Preserving Your Pavement - Continued from Home Page...

 

By understanding six common assumptions, the reader can identify and better manage the quality control pertinent to our trade. Waterblasting offers the absolute greatest potential of all methods for preserving pavement surfaces during cleaning, whether removing paint or rubber.

 

When looking at old waterblasting work on an airfield, you will find pavement that appears to have been compromised by waterblasting. It is very important to note in most cases, human assumption created the disappointment.

 

As a specifier or manager of airfield markings, you can maximize your success by avoiding the following quality assurance missteps.

 

Assumption # 1: Someone thinks that 100% of paint or rubber “must go.”

 

Assumption #2: Someone organizes schedules without considering the benefits of technical experience and/or site testing. Under tight production windows, site testing is a great low-cost solution to optimal use of stringent closure times.

 

Assumption #3: Without realizing what is achievable, inspectors sometimes assume that because the technician has adjusted the energy footprint "three times already," that perhaps this is "good enough."

 

Assumption #4: Because waterblasting is relatively new as a main stream solution to airfields, most believe that all waterblasters are of similar capability. Performance Hydroblasting Inc. most often impresses experienced engineers with our extroidinery tooling, equipment, and results.

 

Assumtion #5: Someone decides that the pavement here is in "good enough shape" to expect great results.

 

Assumtion #6: Similar to #5 above: someone decides that the pavement here is "too bad" to expect great results.  

 

Let us look closer at assumption #6.

 

The reason waterblasting is the absolute most capable method for runway cleaning or paint removal, is it's “contour gauge” ability combined with rapid and simple adjustability. Grinders must set a certain depth and grind to the bottom of the pores (impact depth). Sandblasters must change abrasive size to reach micro-sized pores (impact volume). Shotblasters likewise rely on preset abrasive width (impact volume). Runways waterblasted with Performance Hydroblasting’s equipment have the distinct capacity to rapidly change volume, velocity, distribution density, deflection rate, penetration depth, and surface coverage area.

 

Someone who has been very impressed by waterblasting’s rubber and paint removal ability may not yet grasp the significance of articulation in this process. To achieve optimum results, the technician MUST be able to preset an energy footprint to reflect the thickness of the paint or rubber. If this thickness varies drastically inch by inch, you would literally need a one-inch spray bar to achieve optimum results. Of course, a one-inch spray bar could never achieve results within the time constraints of most runway projects; therefore, nobody builds a one-inch spray bar.

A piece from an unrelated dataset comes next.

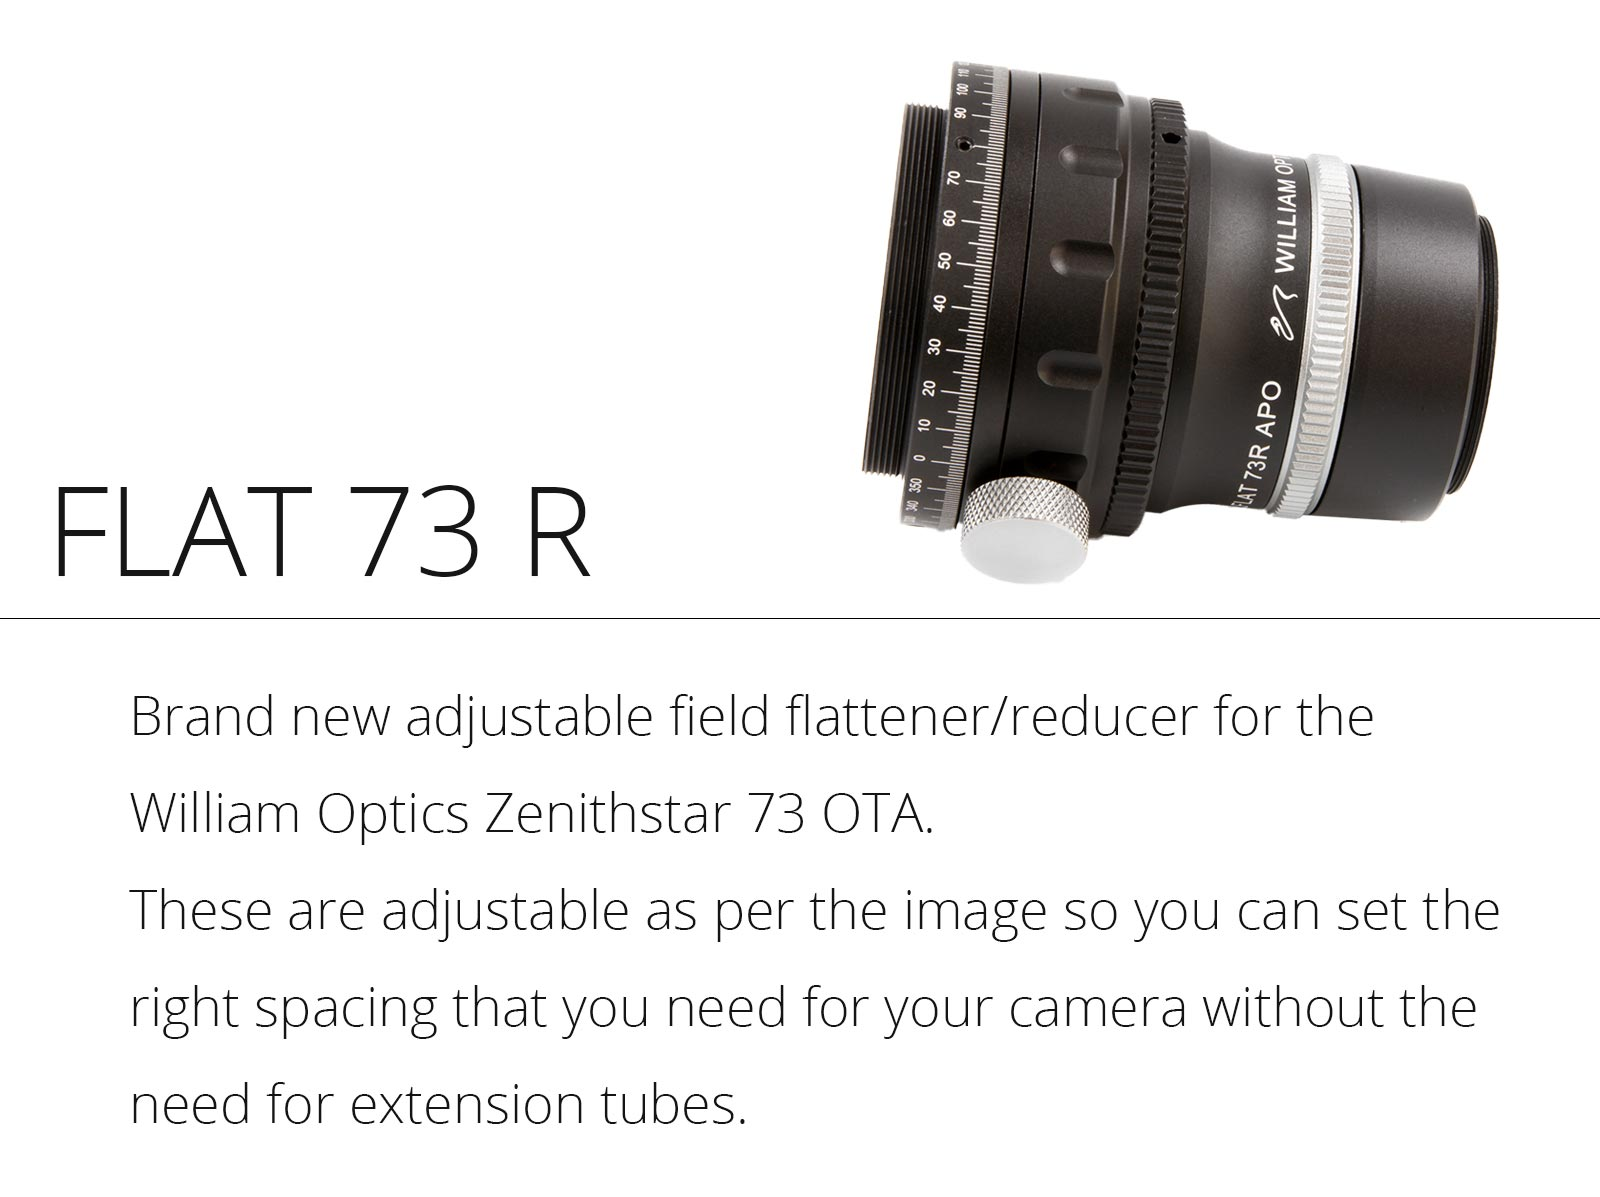 flat-73-r-2.jpg

An example of this scenario would be where thick paint has not bonded well and is flaking off in large chunks. The “craters” left by these flakes of loose paint will cause their part of the pavement to be unprotected from the blasting energy that will be applied to the surrounding runway. The best that can be done in this case, is to optimize a spray bar that can best accommodate the energy “mirror” needed for these conditions. Performance Hydroblasting’s team understands and excels in this requirement. Planners should keep this in mind when planning work times for such areas, especially where the asphalt is old and weak and NOT scheduled for replacement. Concrete is resilient enough to accommodate such conditions easily. Newer pavement, however, would not have multiple layers of paint, so this condition does not occur on new pavement.  

 

In cases of severely flaking paint where the paint is thick and thin in dramatic variations, waterblasting will take longer than normal to accomplish due to smaller heads required to apply the energy to so many different sizes of surface paint thickness. In these cases, the airfield engineers will typically balance the time constraints for the airport operations against the needs of the pavement and the percentage of markings needing removed. Once these considerations have been balanced, the airfield engineer typically provides instructions to the waterblasting staff working on the runway, ramp, taxiway, or airside gate areas. These instructions should be based upon a quick series of tests on that runway or tarmac during the early hours of production.

 

Performance Hydroblasting, Inc. provides low-cost, and in some cases, free testing services to airports for pre-determining tooling needs and realistic goals for runway specifiers and project managers, waterblasting technichians, airfield ops engineers, and airfield maintenance.

 

In 1978, the U.S. Army Corp of Engineers published a Pavement Condition Index as a guide to scoring pavement. This publication can be very helpful in predetermining the results to be sought in a runway or taxiway waterblasting application.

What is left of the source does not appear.